*Available records*
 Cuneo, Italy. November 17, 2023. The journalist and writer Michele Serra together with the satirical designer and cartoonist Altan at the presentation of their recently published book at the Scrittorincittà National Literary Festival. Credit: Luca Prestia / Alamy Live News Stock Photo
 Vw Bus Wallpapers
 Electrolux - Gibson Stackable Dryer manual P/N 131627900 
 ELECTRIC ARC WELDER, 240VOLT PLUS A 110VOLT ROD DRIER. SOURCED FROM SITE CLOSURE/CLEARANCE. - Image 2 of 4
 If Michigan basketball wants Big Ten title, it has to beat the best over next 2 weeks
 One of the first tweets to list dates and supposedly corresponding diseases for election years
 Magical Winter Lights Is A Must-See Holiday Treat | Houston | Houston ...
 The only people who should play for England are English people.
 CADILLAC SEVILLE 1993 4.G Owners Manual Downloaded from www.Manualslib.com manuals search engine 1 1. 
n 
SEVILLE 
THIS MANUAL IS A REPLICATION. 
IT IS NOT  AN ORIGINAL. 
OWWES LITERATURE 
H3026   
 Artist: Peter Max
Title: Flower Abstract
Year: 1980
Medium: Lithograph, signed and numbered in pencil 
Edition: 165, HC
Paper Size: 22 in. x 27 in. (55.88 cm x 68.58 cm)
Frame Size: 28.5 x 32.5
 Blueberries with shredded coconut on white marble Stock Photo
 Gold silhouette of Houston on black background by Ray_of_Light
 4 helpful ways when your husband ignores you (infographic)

*Task brief*
Could you copy out the data in full, exactly as it is written?

*Solution to this problem*
 Cuneo, Italy. November 17, 2023. The journalist and writer Michele Serra together with the satirical designer and cartoonist Altan at the presentation of their recently published book at the Scrittorincittà National Literary Festival. Credit: Luca Prestia / Alamy Live News Stock Photo
 Vw Bus Wallpapers
 Electrolux - Gibson Stackable Dryer manual P/N 131627900 
 ELECTRIC ARC WELDER, 240VOLT PLUS A 110VOLT ROD DRIER. SOURCED FROM SITE CLOSURE/CLEARANCE. - Image 2 of 4
 If Michigan basketball wants Big Ten title, it has to beat the best over next 2 weeks
 One of the first tweets to list dates and supposedly corresponding diseases for election years
 Magical Winter Lights Is A Must-See Holiday Treat | Houston | Houston ...
 The only people who should play for England are English people.
 CADILLAC SEVILLE 1993 4.G Owners Manual Downloaded from www.Manualslib.com manuals search engine 1 1. 
n 
SEVILLE 
THIS MANUAL IS A REPLICATION. 
IT IS NOT  AN ORIGINAL. 
OWWES LITERATURE 
H3026   
 Artist: Peter Max
Title: Flower Abstract
Year: 1980
Medium: Lithograph, signed and numbered in pencil 
Edition: 165, HC
Paper Size: 22 in. x 27 in. (55.88 cm x 68.58 cm)
Frame Size: 28.5 x 32.5
 Blueberries with shredded coconut on white marble Stock Photo
 Gold silhouette of Houston on black background by Ray_of_Light
 4 helpful ways when your husband ignores you (infographic)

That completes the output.